Wise men speak because they have something to say; Fools because they have to say something

One of the penalties for refusing to participate in realistic steak is that you end up being governed by inferior cake eaters, and pizza lovers alike - PLATO



AirWolf856
  • AirWolf856

    Wolf in Sheep's Clothing

  • Members
  • Joined: 04 Aug 2009

#3545

Posted 04 September 2013 - 01:17 PM

I believe the final cut-scene in GTA V will have Michael sit down with his buds and enjoy a nice juicy steak. Now that's just for single player. Just imagine the possibilities for multiplayer:

Cannonball Steak Run
Cops'Steakuum'Crooks(the crooks have stolen the remaining steak in the city and the cops have to get it back)
Team Steak Mafia (various missions surrounding steak based objectives)
Team DeathSteak (multiplayer battles to control the best steakhouse in the city)
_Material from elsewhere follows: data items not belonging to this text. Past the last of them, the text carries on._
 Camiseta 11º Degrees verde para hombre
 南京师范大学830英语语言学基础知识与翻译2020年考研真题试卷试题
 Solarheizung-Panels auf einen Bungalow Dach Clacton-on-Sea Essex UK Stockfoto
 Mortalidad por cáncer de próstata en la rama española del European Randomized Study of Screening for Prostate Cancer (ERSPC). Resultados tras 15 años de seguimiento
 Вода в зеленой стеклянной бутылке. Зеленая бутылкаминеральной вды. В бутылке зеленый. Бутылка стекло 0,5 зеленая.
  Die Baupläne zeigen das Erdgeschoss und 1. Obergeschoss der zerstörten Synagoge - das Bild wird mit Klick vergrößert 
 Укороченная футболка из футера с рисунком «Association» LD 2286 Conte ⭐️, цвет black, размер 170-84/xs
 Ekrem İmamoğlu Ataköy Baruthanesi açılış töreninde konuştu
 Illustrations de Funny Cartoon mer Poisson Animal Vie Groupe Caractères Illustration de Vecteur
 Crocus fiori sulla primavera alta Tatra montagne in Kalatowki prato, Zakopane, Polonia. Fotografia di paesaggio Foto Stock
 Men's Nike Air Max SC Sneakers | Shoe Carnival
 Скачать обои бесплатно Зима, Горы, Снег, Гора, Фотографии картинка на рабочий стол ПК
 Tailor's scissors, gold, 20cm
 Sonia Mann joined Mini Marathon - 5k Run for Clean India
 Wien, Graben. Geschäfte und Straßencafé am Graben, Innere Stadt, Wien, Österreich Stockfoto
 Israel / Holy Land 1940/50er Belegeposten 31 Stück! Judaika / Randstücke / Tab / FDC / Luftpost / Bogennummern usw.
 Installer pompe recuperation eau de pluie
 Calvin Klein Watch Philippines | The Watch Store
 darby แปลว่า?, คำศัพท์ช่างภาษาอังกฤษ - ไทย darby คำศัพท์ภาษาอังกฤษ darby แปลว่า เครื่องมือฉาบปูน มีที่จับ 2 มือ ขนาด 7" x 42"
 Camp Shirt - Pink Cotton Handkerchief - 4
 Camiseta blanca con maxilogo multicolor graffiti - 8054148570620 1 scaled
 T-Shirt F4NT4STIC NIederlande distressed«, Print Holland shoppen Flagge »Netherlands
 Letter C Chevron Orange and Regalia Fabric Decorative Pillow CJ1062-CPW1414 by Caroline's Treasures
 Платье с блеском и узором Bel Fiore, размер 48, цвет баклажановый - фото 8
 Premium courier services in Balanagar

It almost makes you feel sorry for the cows in Los Santos but they taste so good I don't care. tounge.gif

Nem Wan
  • Nem Wan

    The Artist Formerly Known As Magic_Al

  • Members
  • Joined: 12 Aug 2006
  • United-States

#3546

Posted 04 September 2013 - 01:39 PM

@FelipeBusquets deleted his tweet. Did somebody higher up get to him? They don't want us to know if realistic steak is in or not.

AtomicPunk
  • AtomicPunk

    I'm your huckleberry

  • Members
  • Joined: 08 Mar 2012

#3547

Posted 04 September 2013 - 01:47 PM

We need to do some: mapping realistic steak, and argue over how big it is. biggrin.gif

We should be able to buy a skin for our Ifruit that makes it look like a steak. If that's not in, I may cancel my preorder.

Lucchese
  • Lucchese

    Cynical Prick

  • Andolini Mafia Family
  • Joined: 06 Jun 2012

#3548

Posted 04 September 2013 - 01:52 PM

Hold on a second.....

The 'Mapping Los Santos' thread - which was full of great contributions and amazing work by analysts - gets un-pinned

But the 'Realistic Steak' thread - which is full of nothing but spam and general retardation - gets pinned?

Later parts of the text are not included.